INFORMATION PROVIDED:
____________________

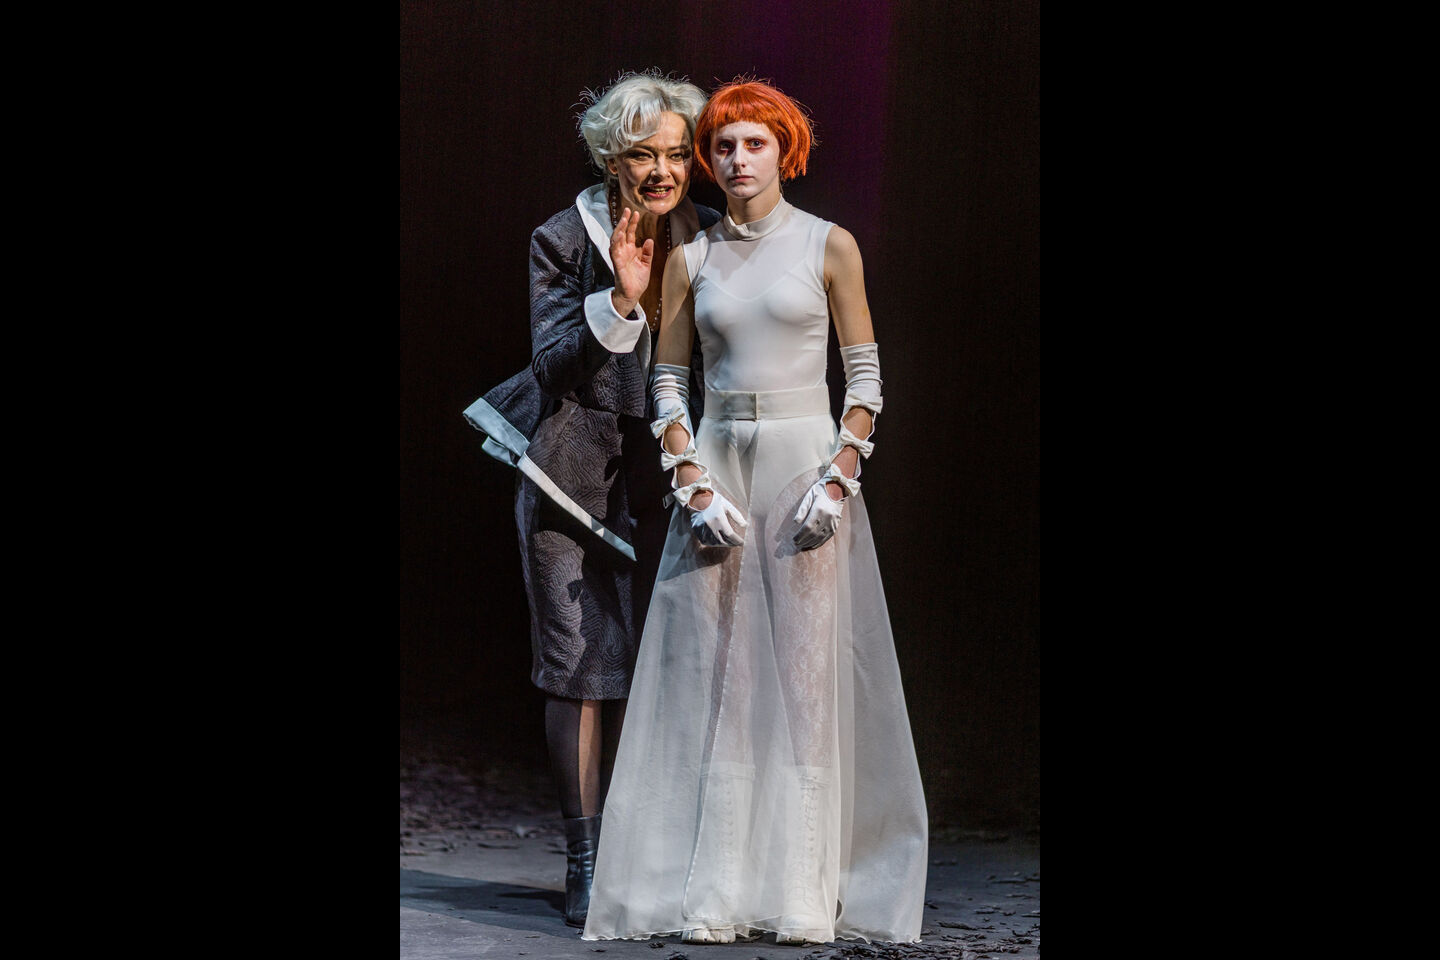 ROMEO UND JULIA 
Szenenfoto mit Nathalie Schörken (Julia) und (im Hintergrund) Manolo Bertling (Tybalt)
(Foto: Frank Hammerschmidt)

____________________

HOW TO COMPLETE THIS TASK: Could you write out only the lines of the listing above from the one that contains "Szenenfoto mit Nathalie" through its final line, exactly and inclusive?

SOLUTION:
Szenenfoto mit Nathalie Schörken (Julia) und (im Hintergrund) Manolo Bertling (Tybalt)
(Foto: Frank Hammerschmidt)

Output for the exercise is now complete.